> [TASK DETAILS] Your reply should hold every record exactly as given, with no pictures in it.

> [SUPPLIED INFORMATION]

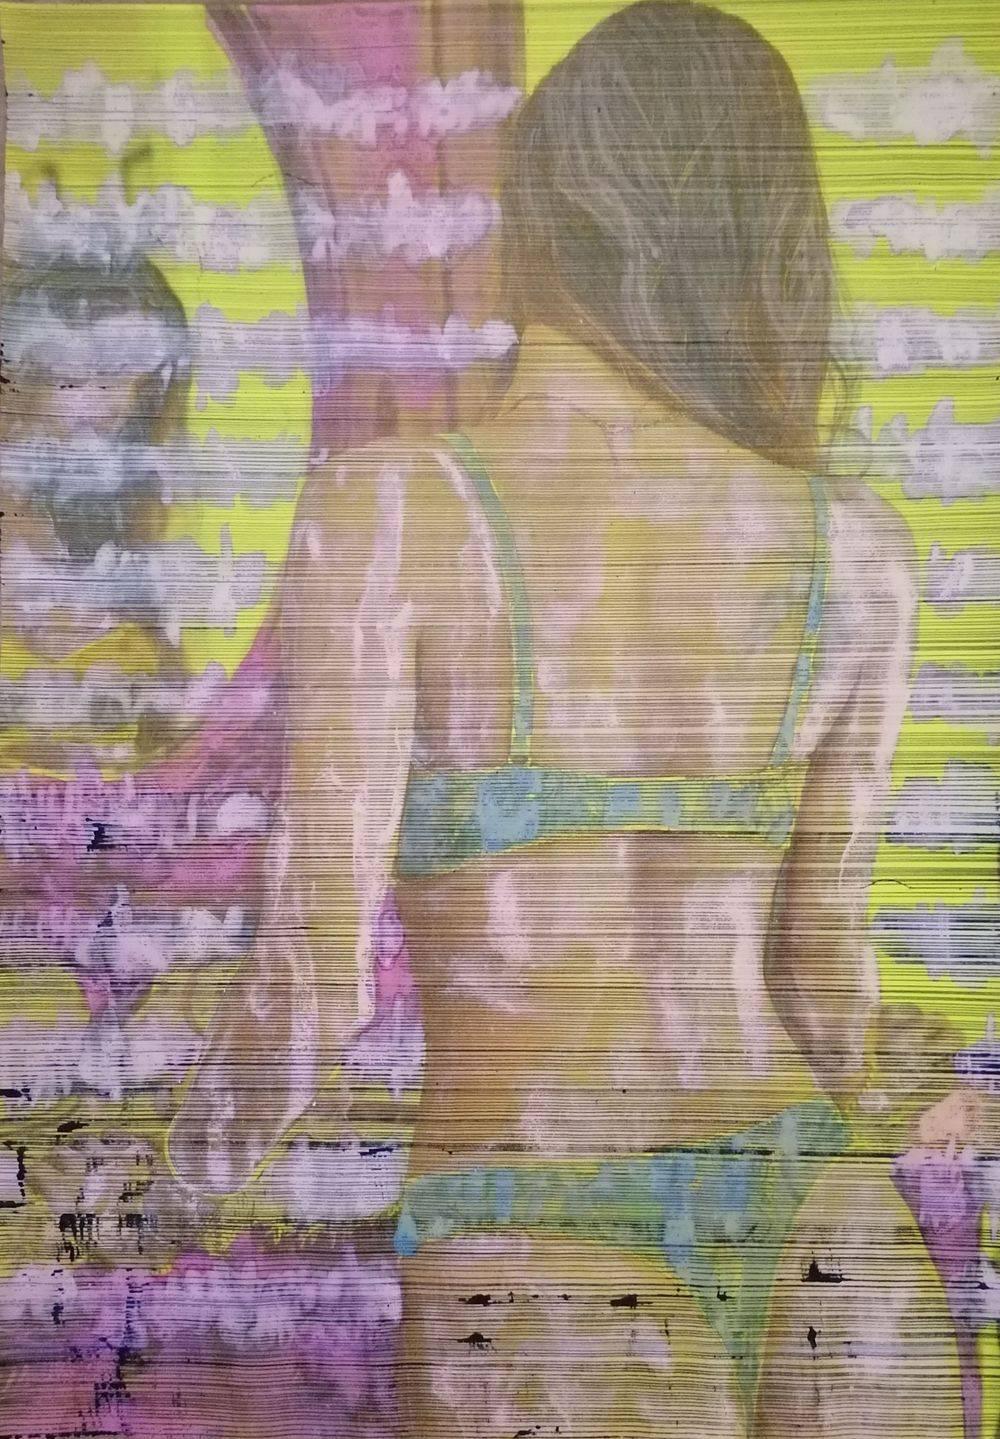 Aquarelle, Jaune, Femme, Histoire de l'art, Portrait
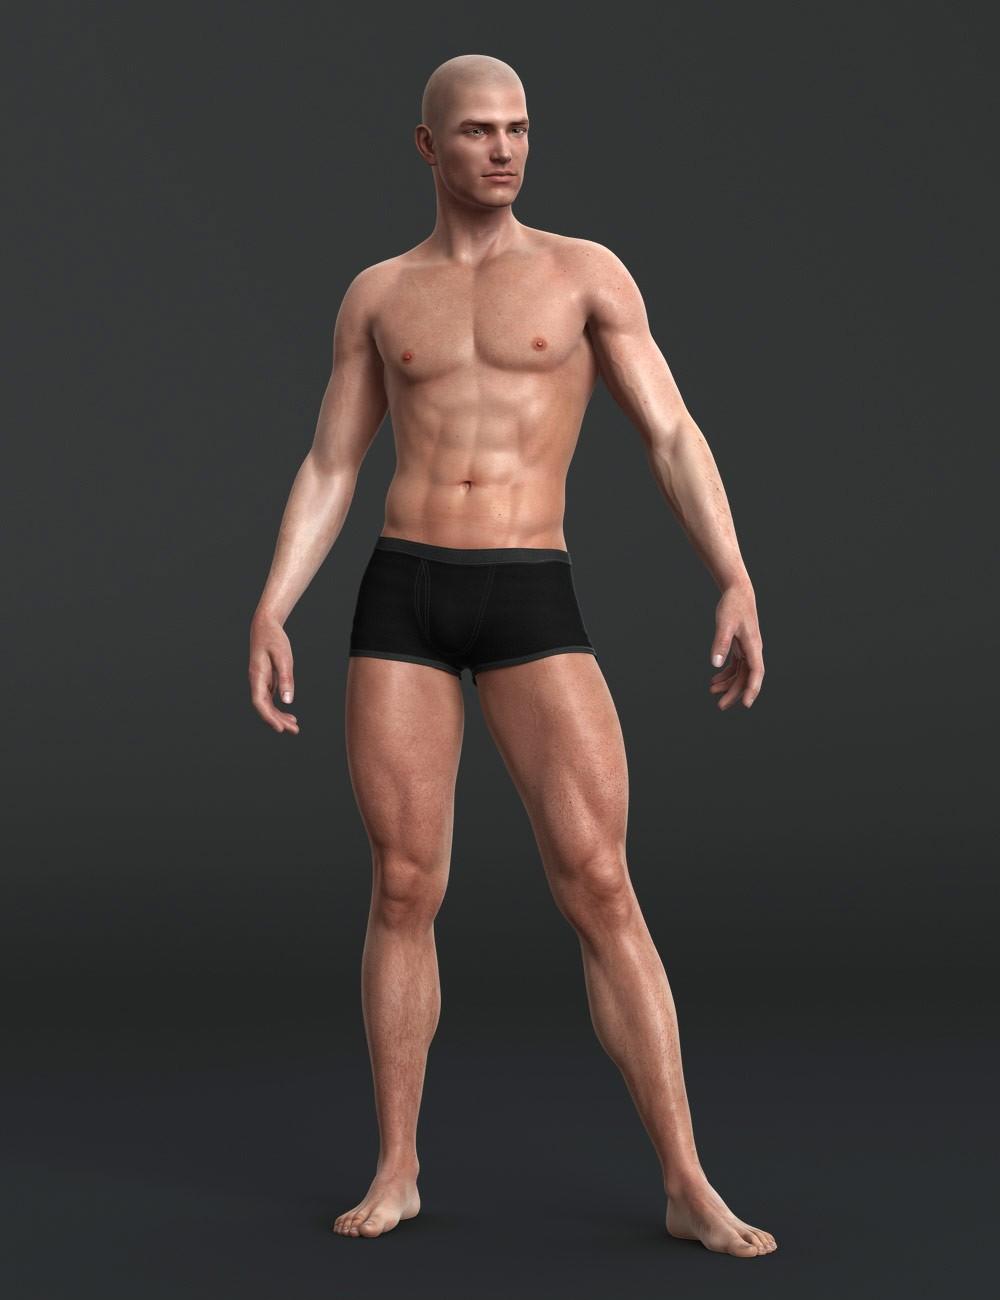 full figure naked male models
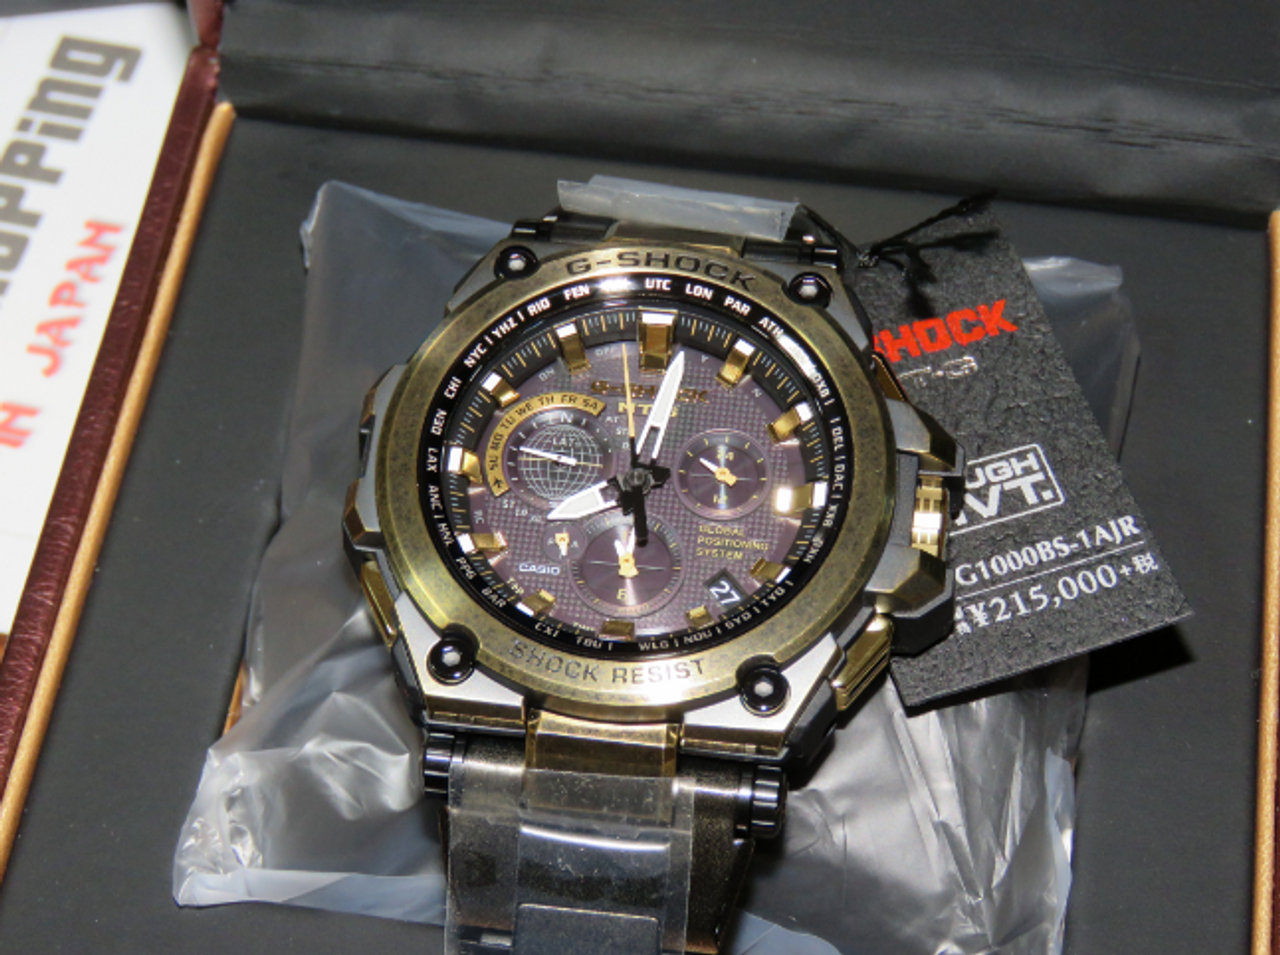 MTG-G1000BS-1A
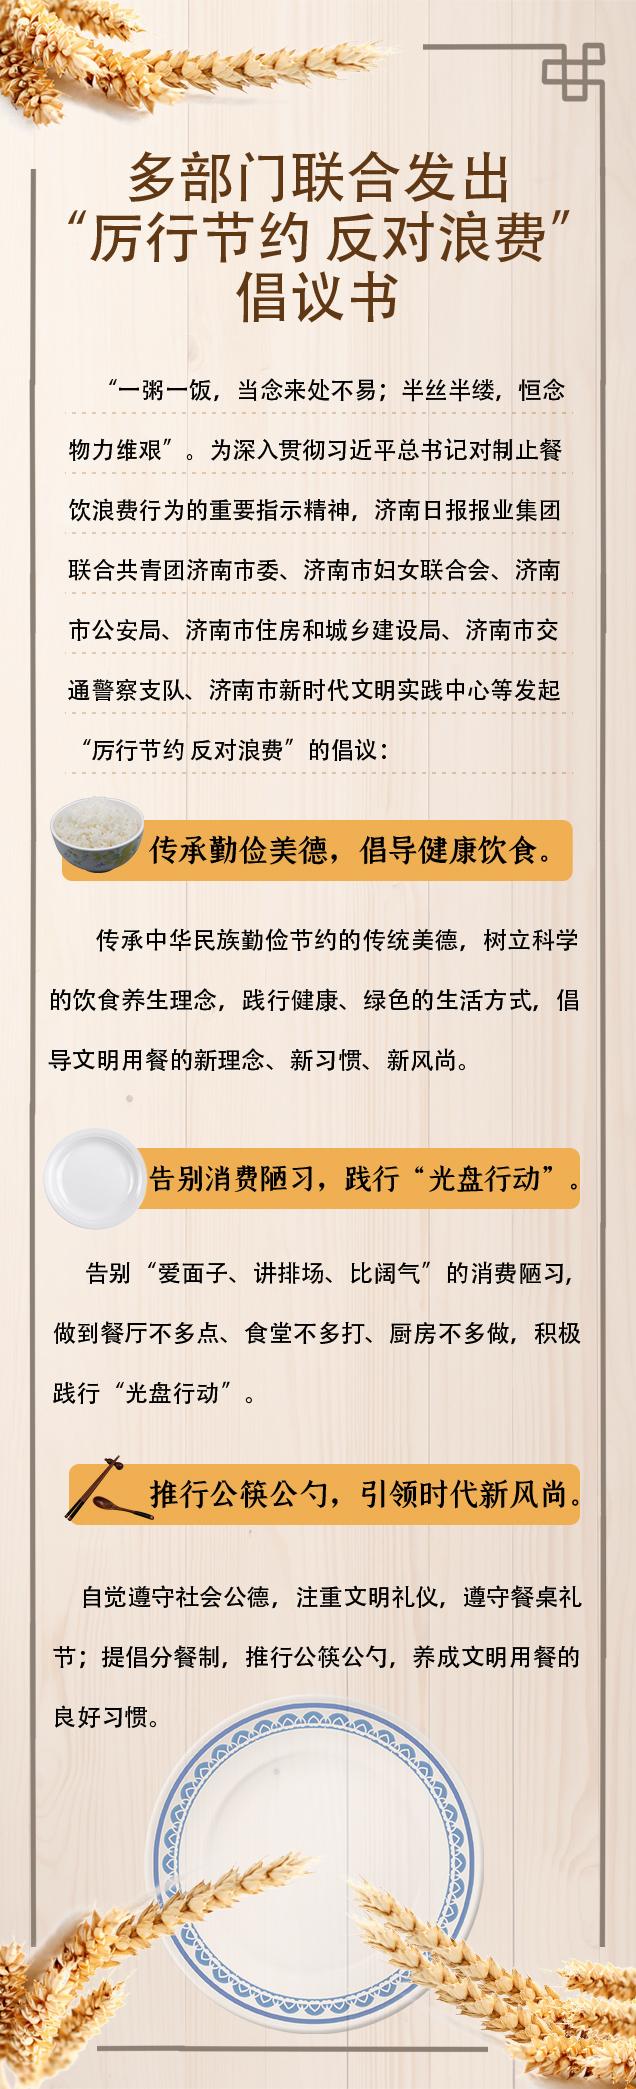 """海报合集丨济南多部门联合发出""""厉行节约 反对浪费""""倡议书"""
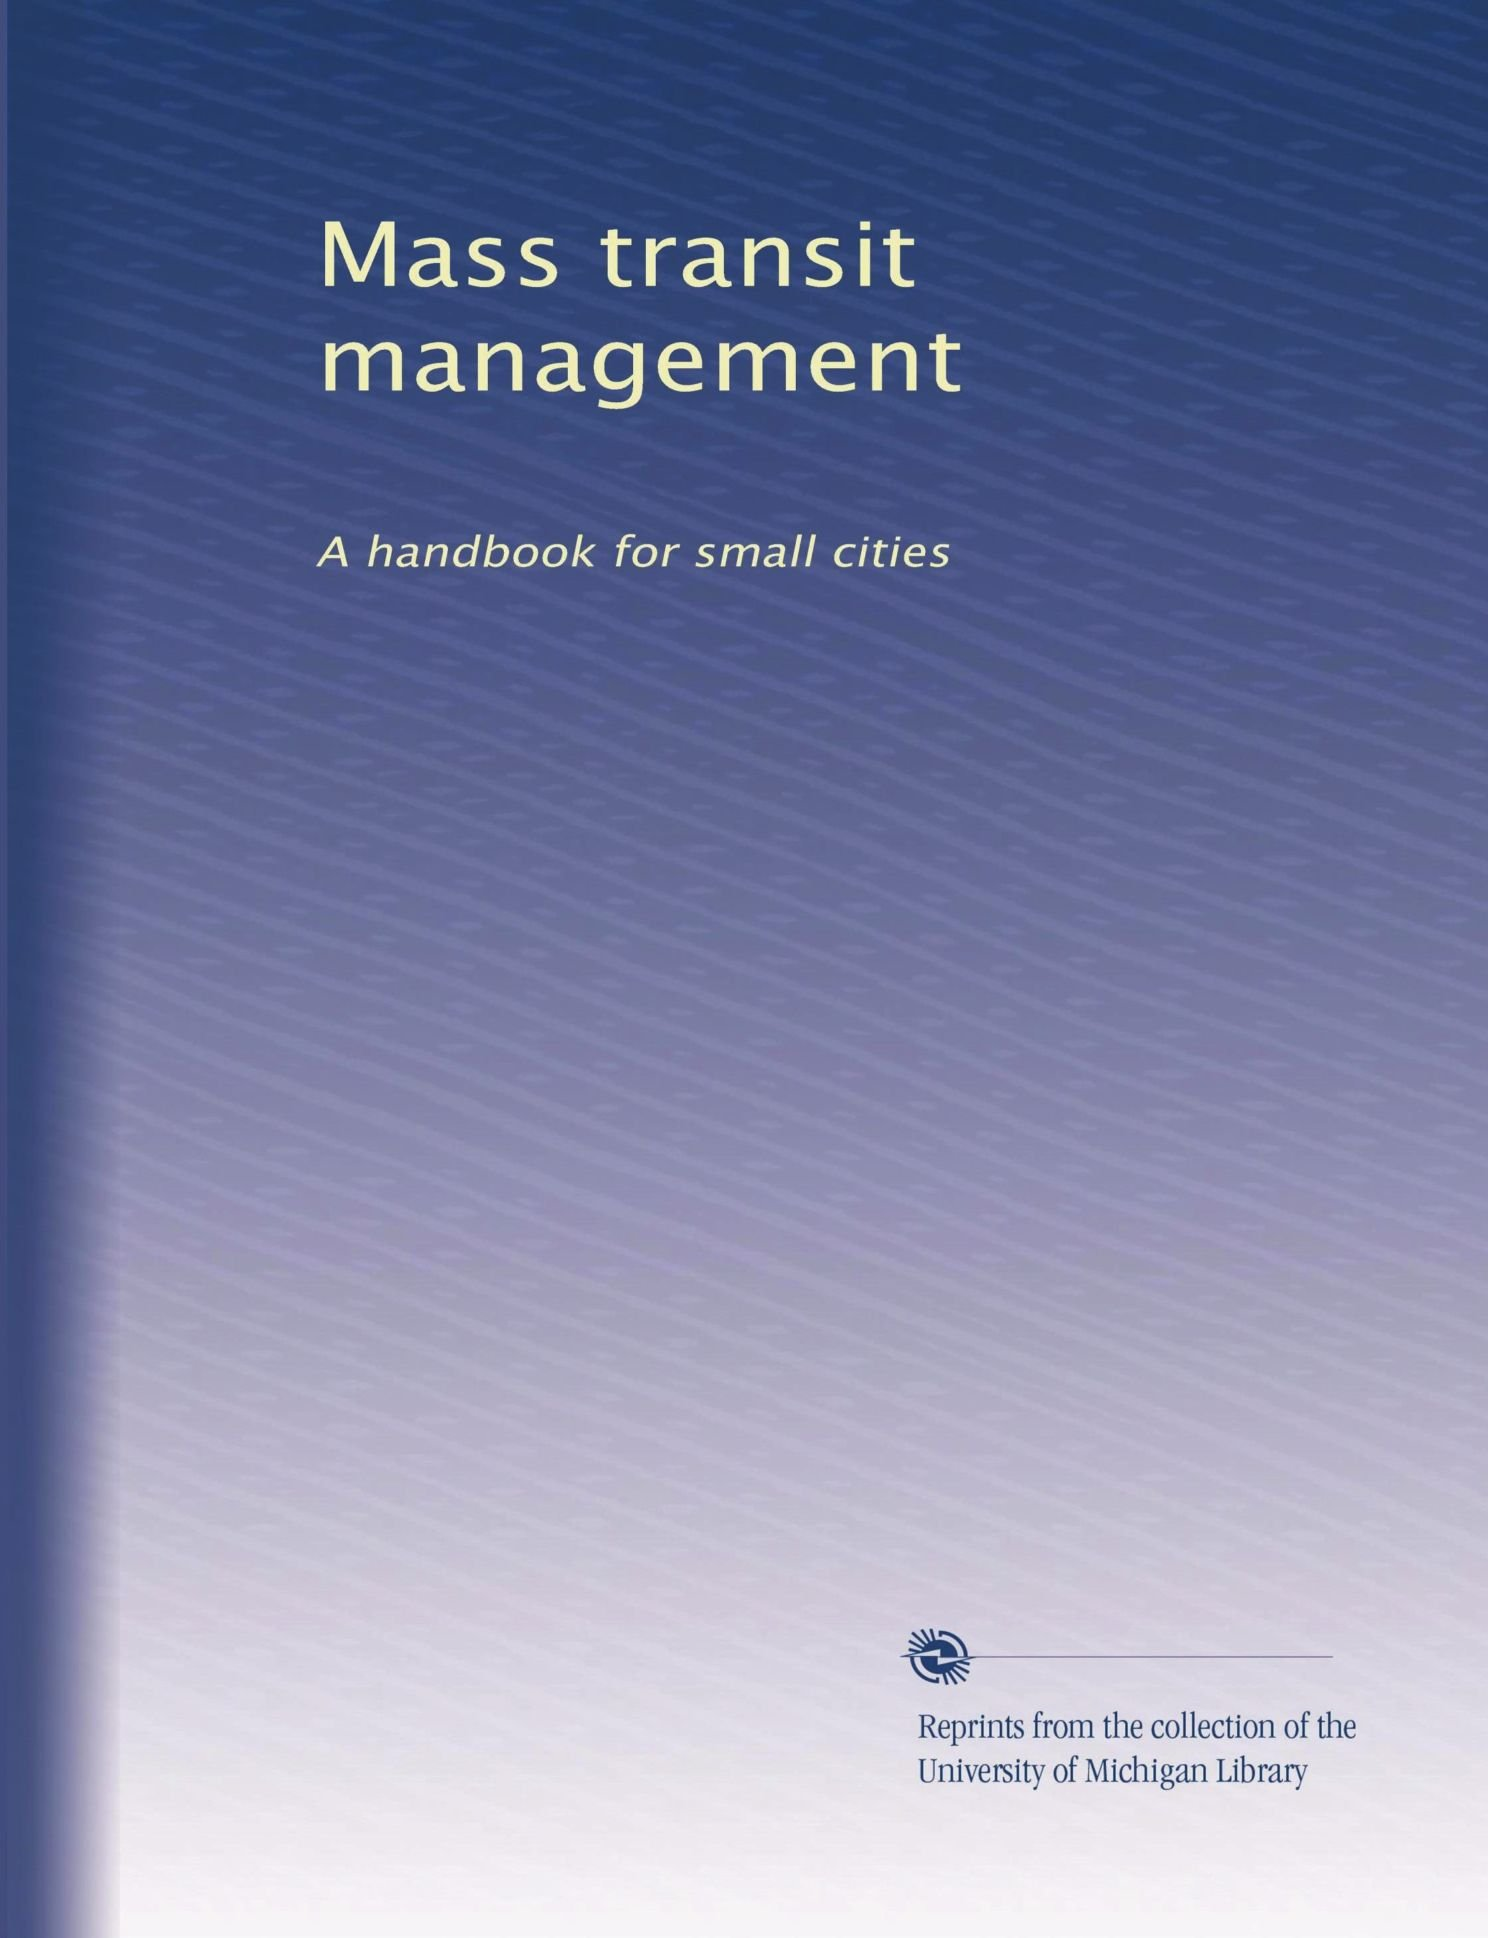 Mass transit management: A handbook for small cities (Volume 4)
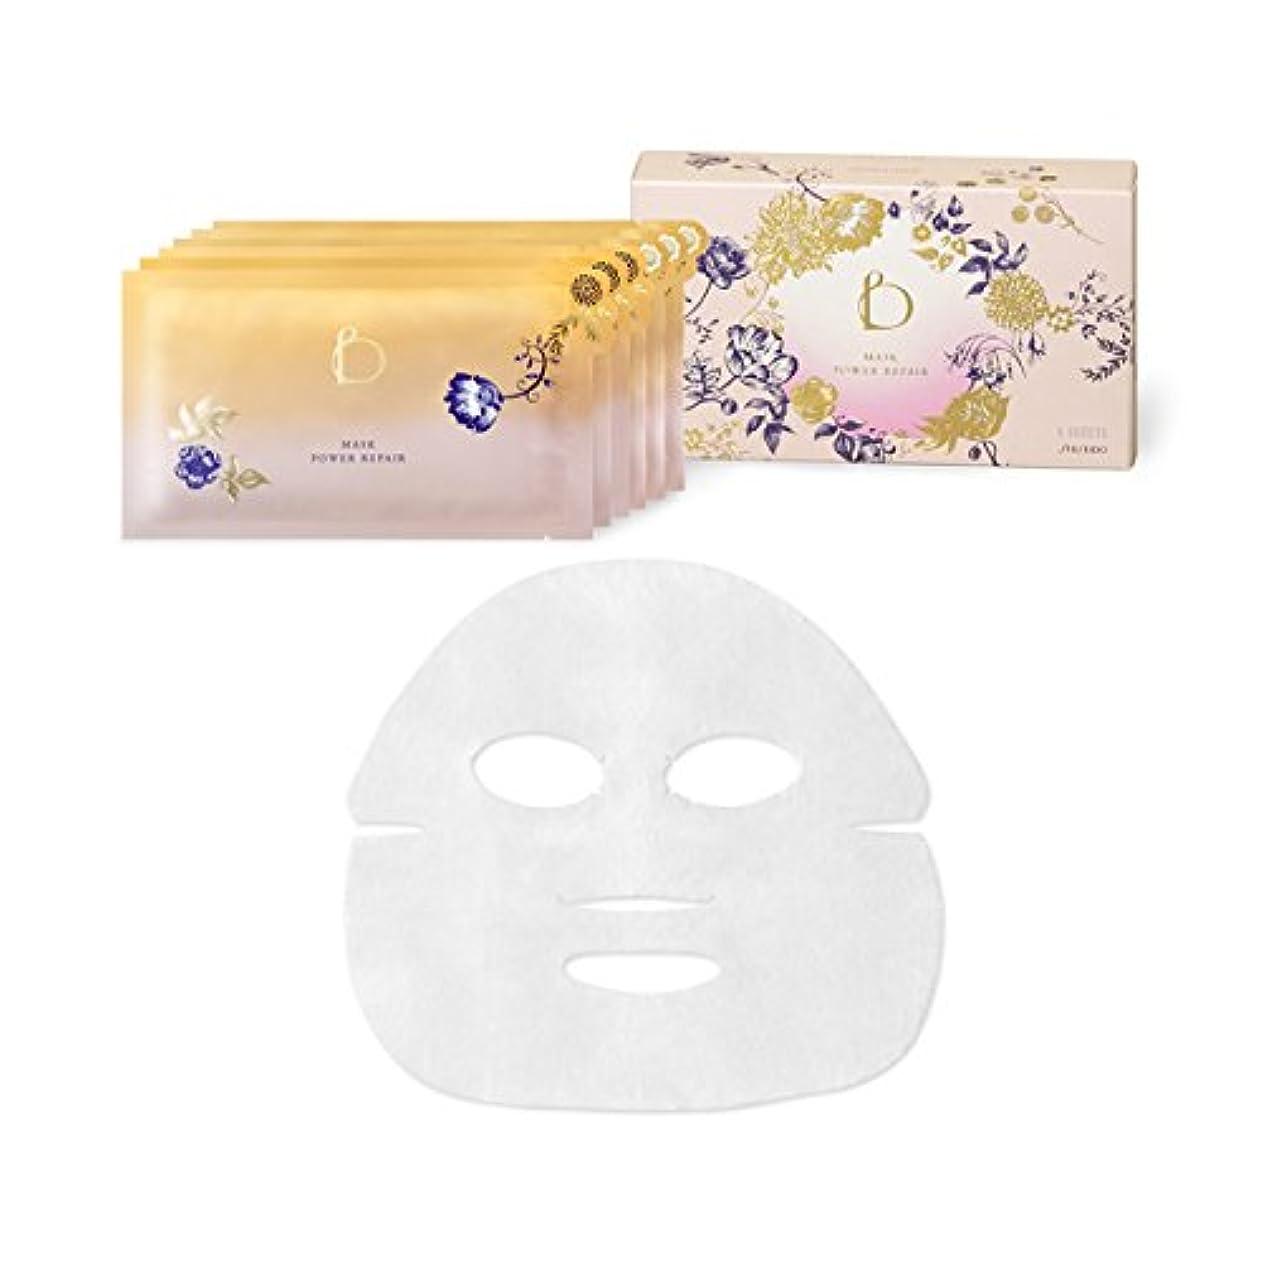 ノート現代の毎日資生堂 ベネフィーク マスク パワーリペア シート状クリームマスク 23mL×6枚入

> [REPLY]
 Aquarelle, Jaune, Femme, Histoire de l'art, Portrait
 full figure naked male models
 MTG-G1000BS-1A
 """海报合集丨济南多部门联合发出""""厉行节约 反对浪费""""倡议书"""
 Mass transit management: A handbook for small cities (Volume 4)
 ノート現代の毎日資生堂 ベネフィーク マスク パワーリペア シート状クリームマスク 23mL×6枚入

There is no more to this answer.